Remember the scientific news from last summer, about particles moving faster than the speed of light? Since I couldn't understand the physics, it meant only one thing to me: time travel!!
What if you could go back in time to 1958? Would you alter the one event in US history--the assassination of Jack Kennedy--that could change so much more? Was our experience different in Vietnam because Lyndon Johnson was president? Perhaps Martin Luther King Jr. wouldn't have been assassinated. Or Bobby Kennedy...
In Stephen King's new book, 11/22/63, Jake Epping has a chance to find out. His friend Al is dying, and Al confesses that his diner's storage room contains a portal to September 9, 1958. Jake takes a tentative trip back in time, then accepts Al's mission: to ascertain that Oswald acted alone and to thwart Oswald's attempt on Kennedy's life. As a reader, you step back in time with Jake, a time when women always wore dresses, men wore hats, everyone smoked cigarettes, cars had fins, and there was no air conditioning, or cell phones, or internet.
Stephen King tells a good story and keeps it moving, full of period details, likeable characters, and plot twists. For avid King readers, there are cameo appearances by characters from his other books. And at 850 pages, the book serves as its own portal, pulling you in and giving you time to experience the 60's.
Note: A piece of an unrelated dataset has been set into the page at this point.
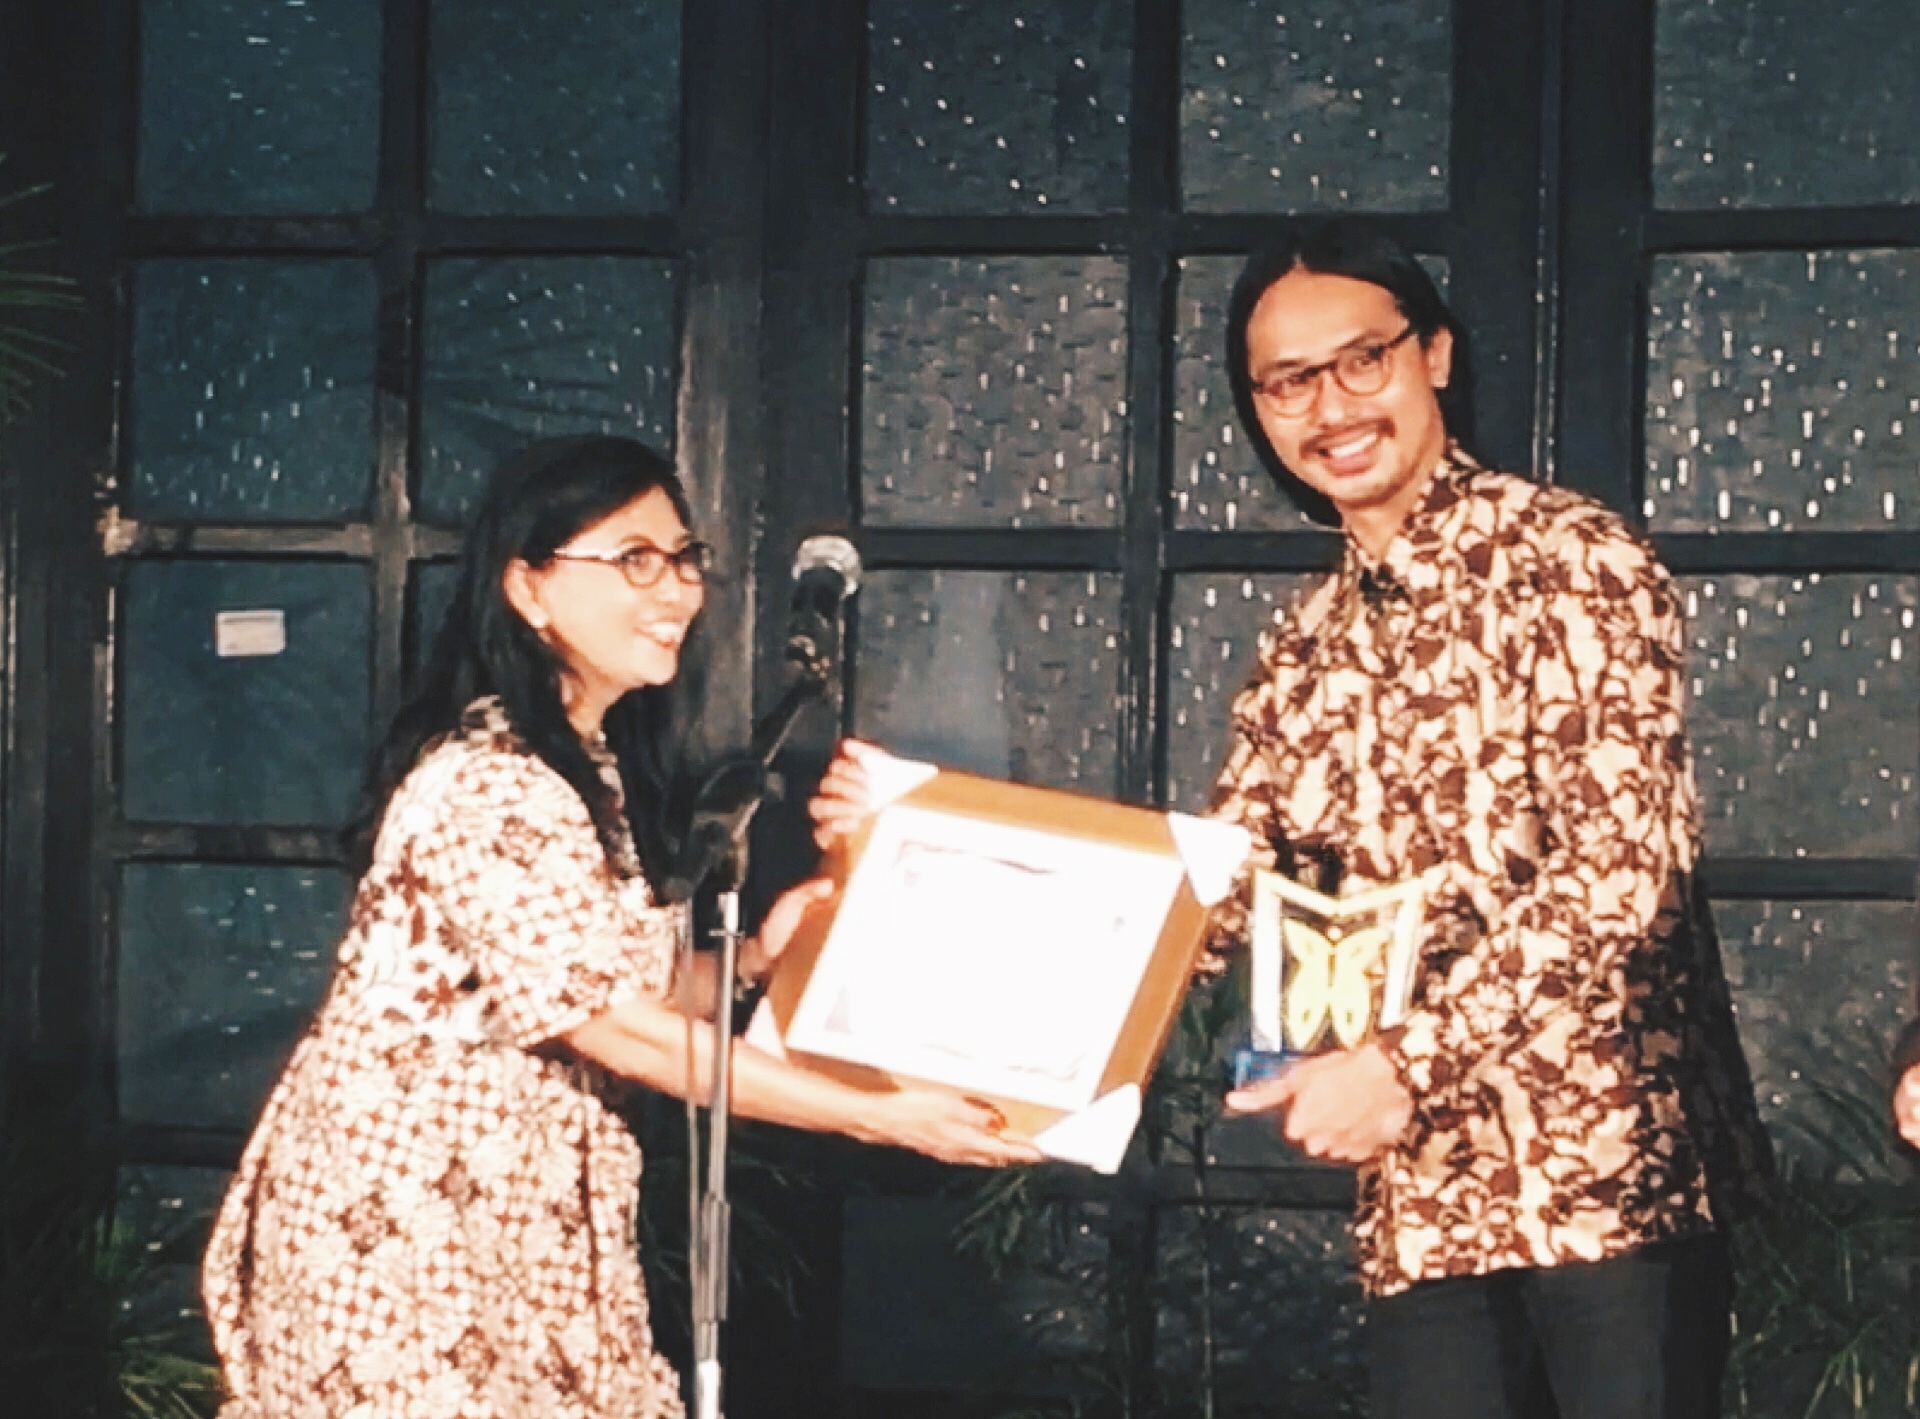 Anggiea Prawira Tjong, cicit dari Tjong A Fie yang menerima penghargaan tersebut atas nama seluruh keluarga besar Tjong A Fie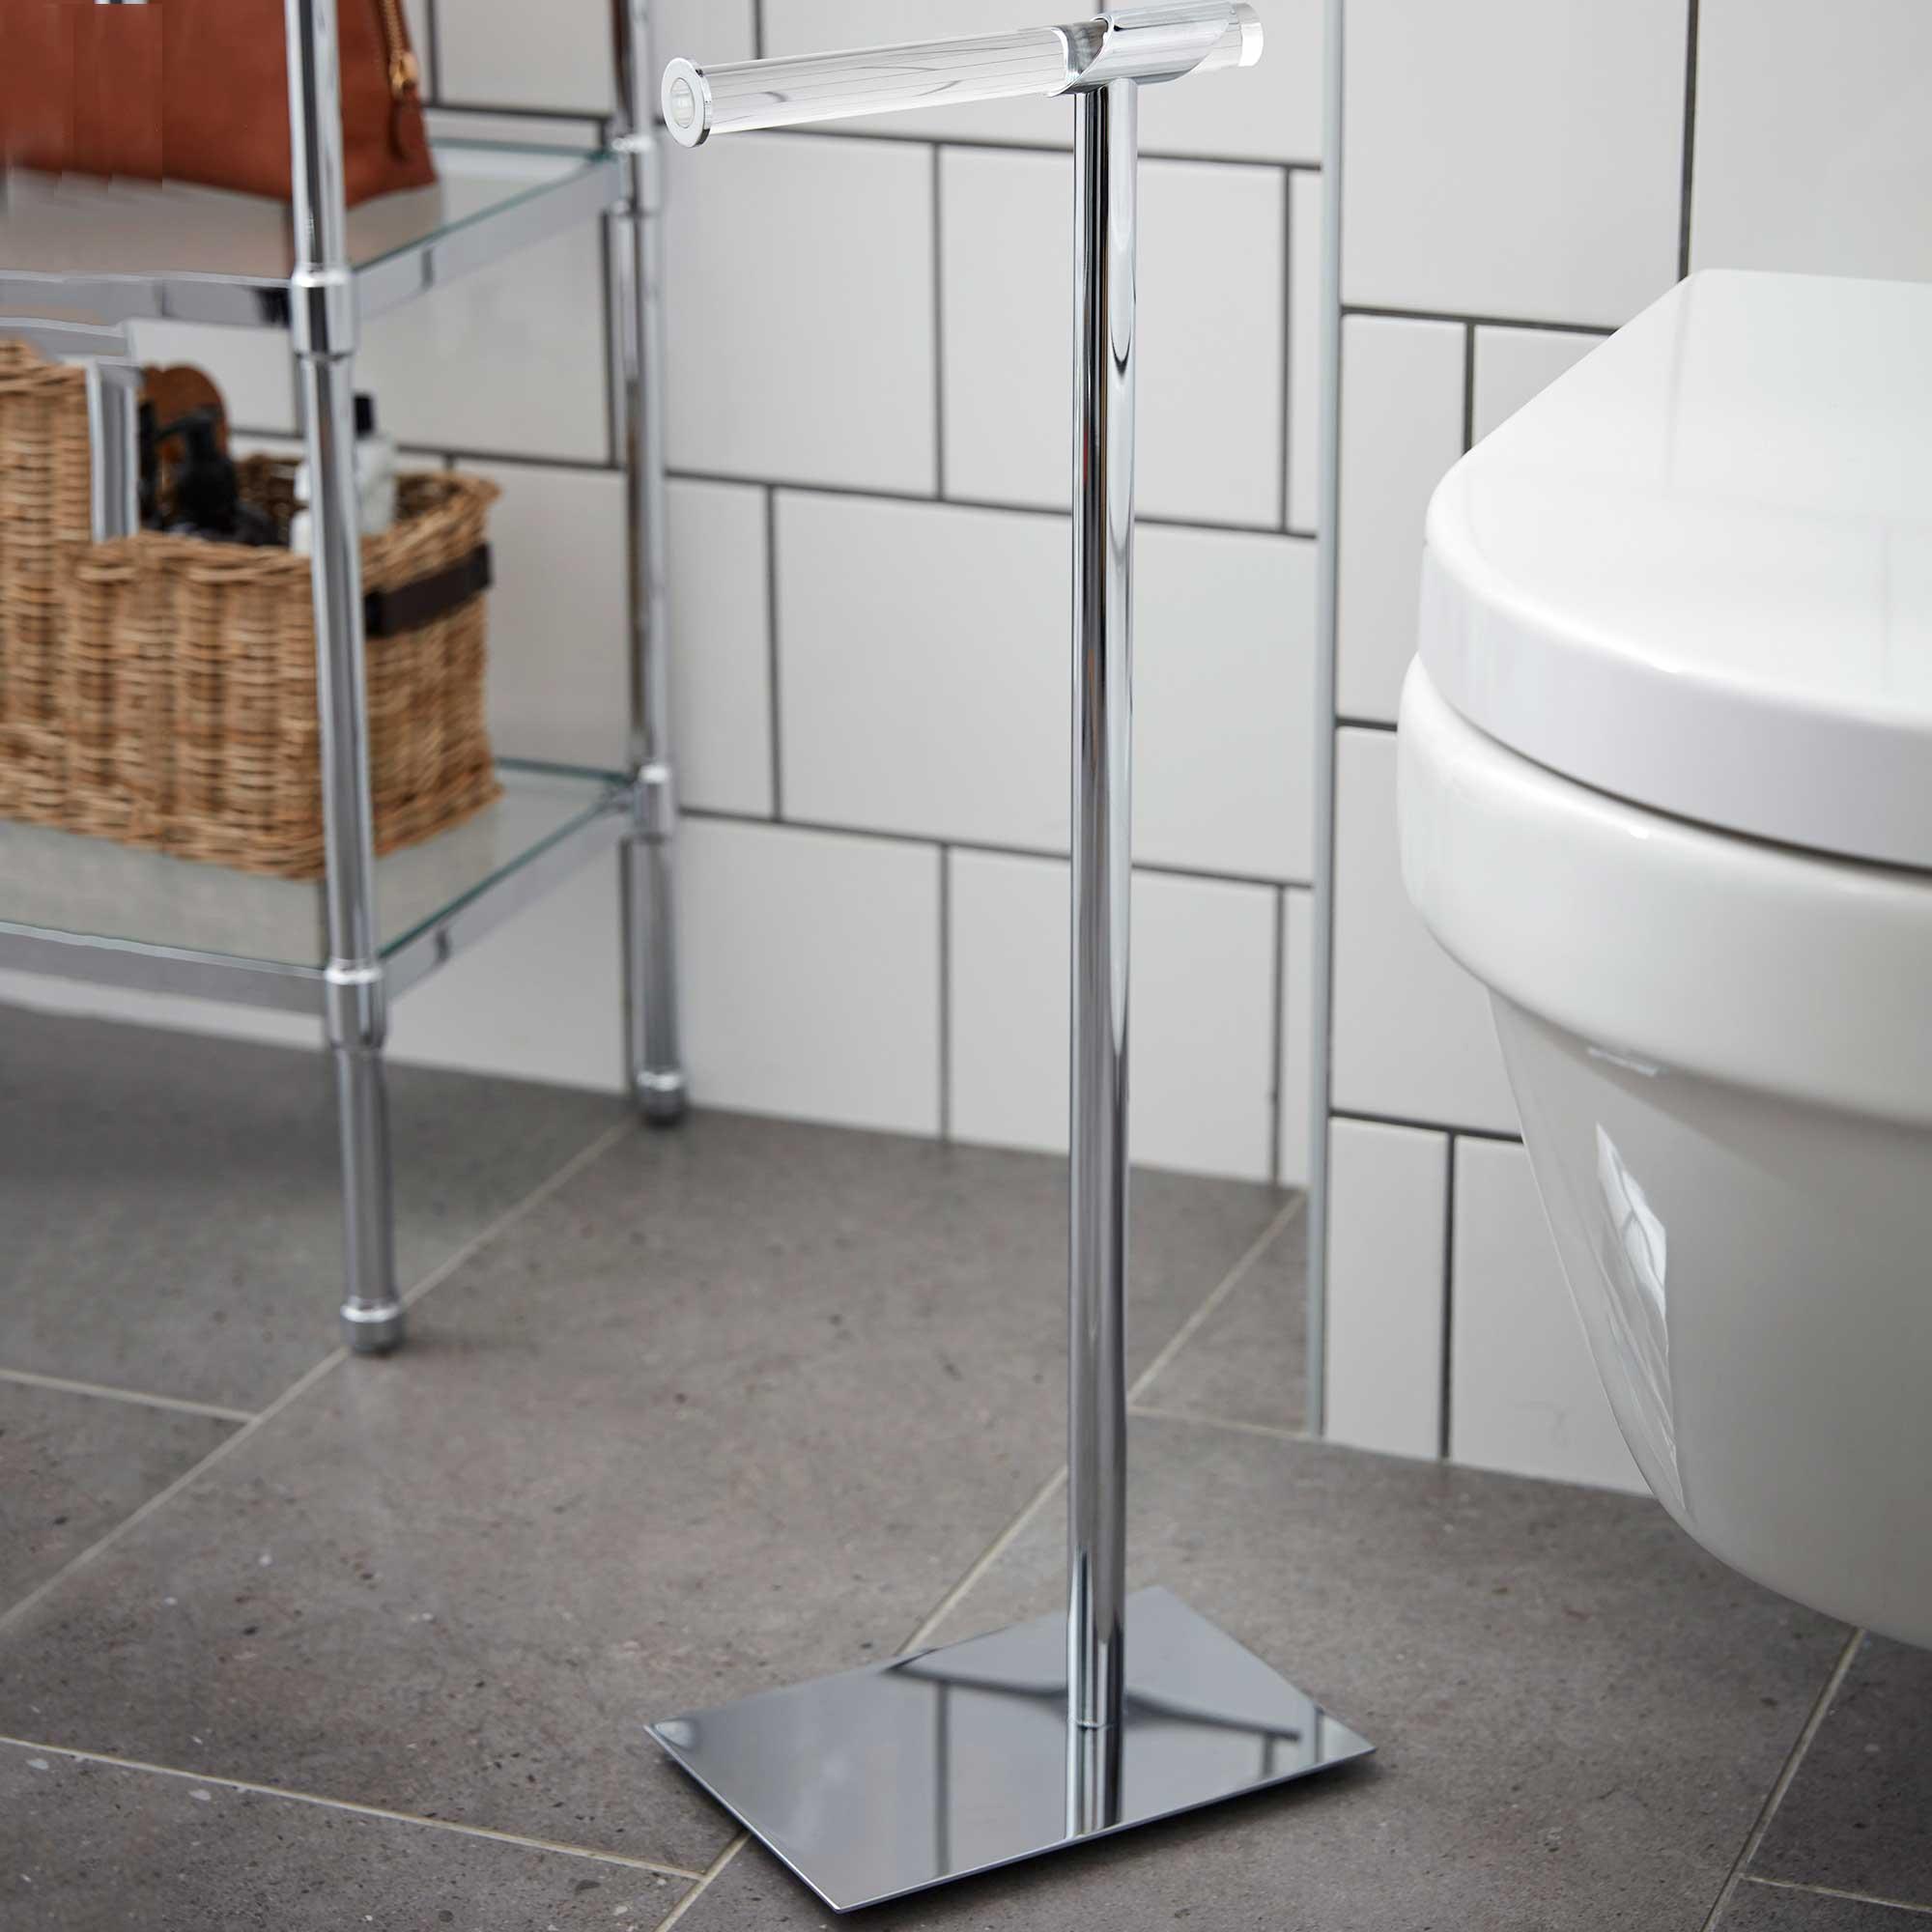 Toalettpappershållare Miller Badrum Classic Fristående

Enjoy the trip!
2 comments:
I enjoy King, but missed the cameo appearances of other characters - who were they?
Derry, Maine is the setting for King's novel It, a book that also deals with the passage of time. Two of the children in It, Beverly Marsh and Richie Tozier, appear in 11/22/63--they're the two learning to dance the lindy-hop.
King also has several references in 11/22/63 to a 1958 Plymouth Fury. Could this by Christine?